Further, the types of the target document comprise DOC/DOCX files, EXCEL files, PDF files and TXT files, and the multi-modal content comprises texts, tables and pictures/block diagrams.
Further, the searching is performed according to the keywords to obtain multi-mode searching information of the target document, which specifically includes:
a DOC/DOCX file content extraction method;
an EXCEL file content extraction method;
a PDF file content extraction method;
TXT file content extraction method.
Further, the DOC/DOCX file content extraction method specifically comprises the following steps:
converting the target DOC/DOCX file into an HTML format by using an Aspose;
extracting texts and forms by using an HTML-based keyword fuzzy matching algorithm;
extracting the picture according to whether the block diagram title hits the search keyword;
for the extracted picture, if the extracted picture is in a WMF/EMF/VISIO format, converting the picture into a PNG format by using LibreOffice, and removing redundant blank by using a python Picllow package;
converting binary data of the picture into base64 and returning;
and matching and integrating the text, the table and the picture information, and returning all the extracted contents.
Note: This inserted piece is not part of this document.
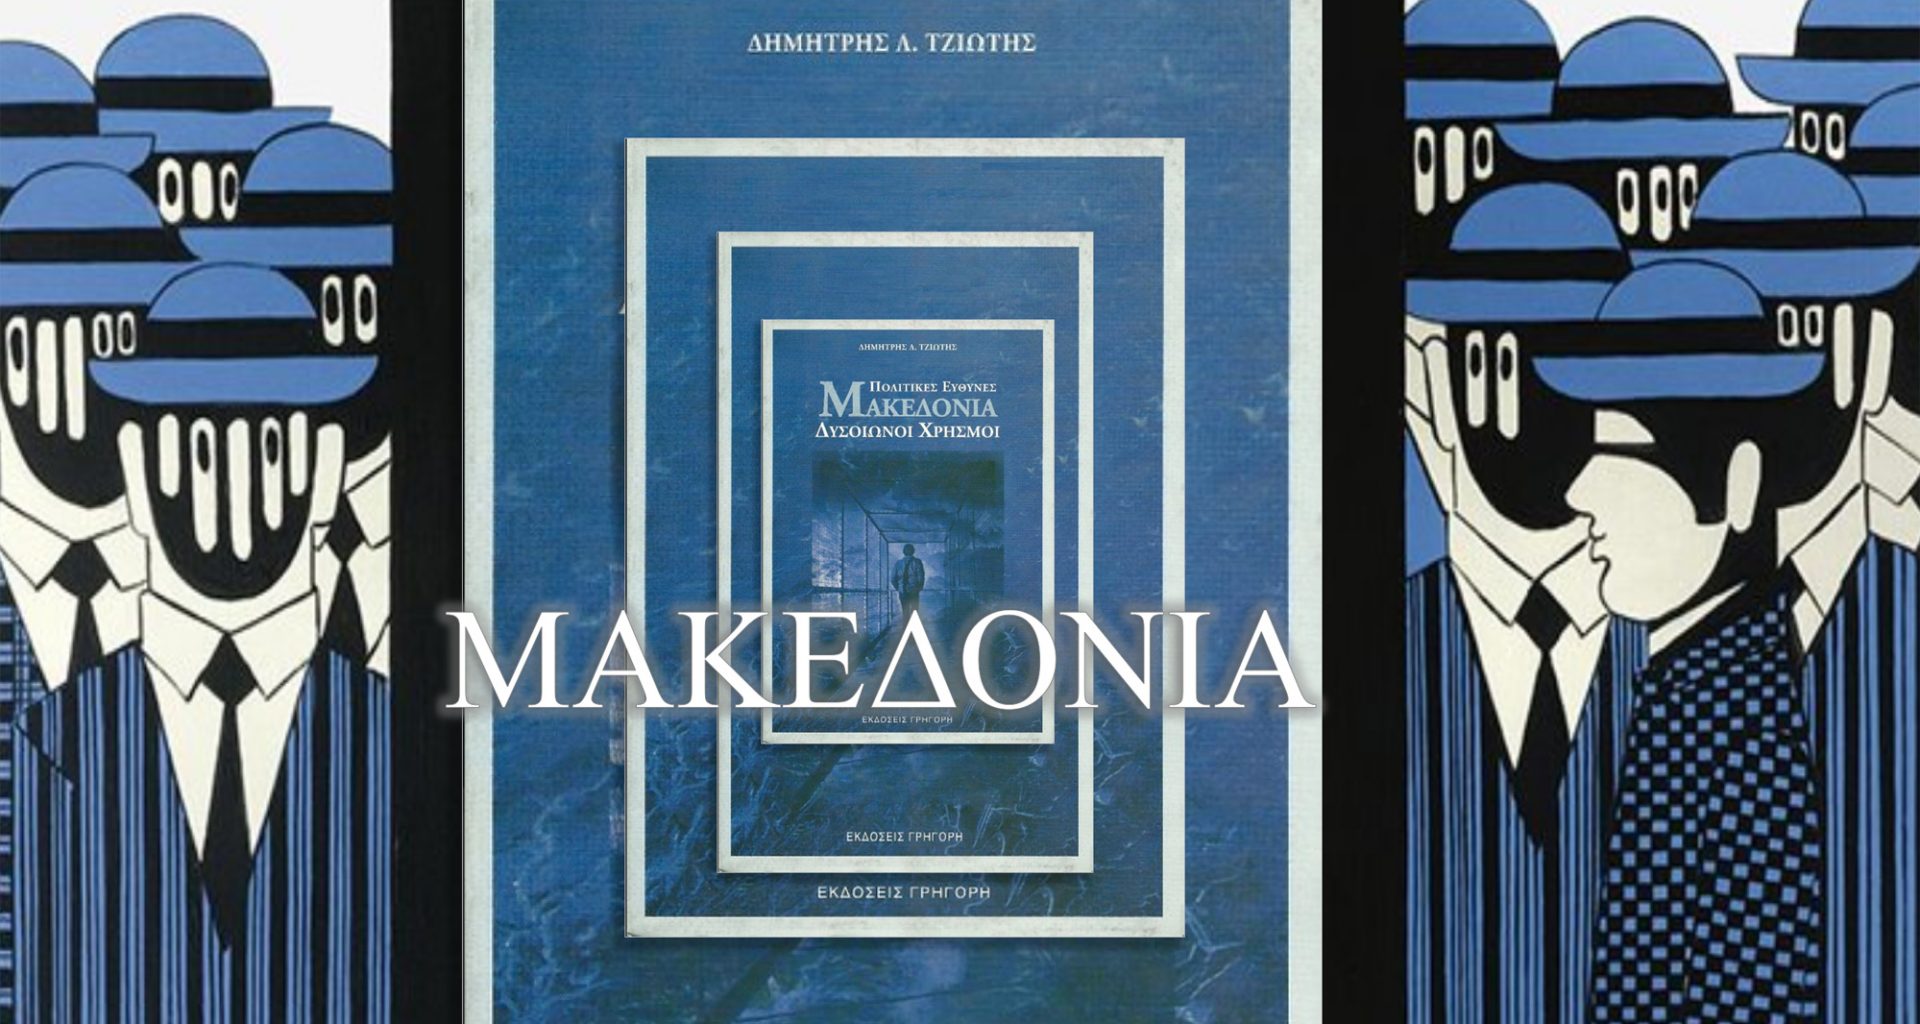 Μακεδονία - Πολιτικές Ευθύνες, Δυσοίωνοι χρησμοί - Βιβλίο του Δημήτρη Τζιώτη

Further, the extracting of the text and the table by using an HTML-based keyword fuzzy matching algorithm specifically comprises the following steps:
retrieving the HTML tag content;
performing fuzzy matching of keywords based on the Levenstein distance, and calculating matching degree;
and using a quick ordering algorithm to order the keyword matching results from high to low in matching degree, and returning.
Further, the EXCEL file content extraction method specifically includes:
performing content matching on the table by using a python Pandas packet, and returning extracted content;
specifically, extracting EXCEL file information by using a Pandas library of python language;
and transmitting the file information in a key value pair mode, and finally merging the information and returning the extracted content.
Further, the PDF file content extraction method specifically includes:
when the current page is a picture, extracting content by using an OCR-based image text extraction algorithm;
when the current page is a table, extracting content by using a PDF table extraction algorithm based on nesting;
when the current page is not a picture or a table, extracting content by using a PDF text retrieval algorithm based on a pdfplumber;
and matching and integrating the text, the table and the picture information, and returning all the extracted contents.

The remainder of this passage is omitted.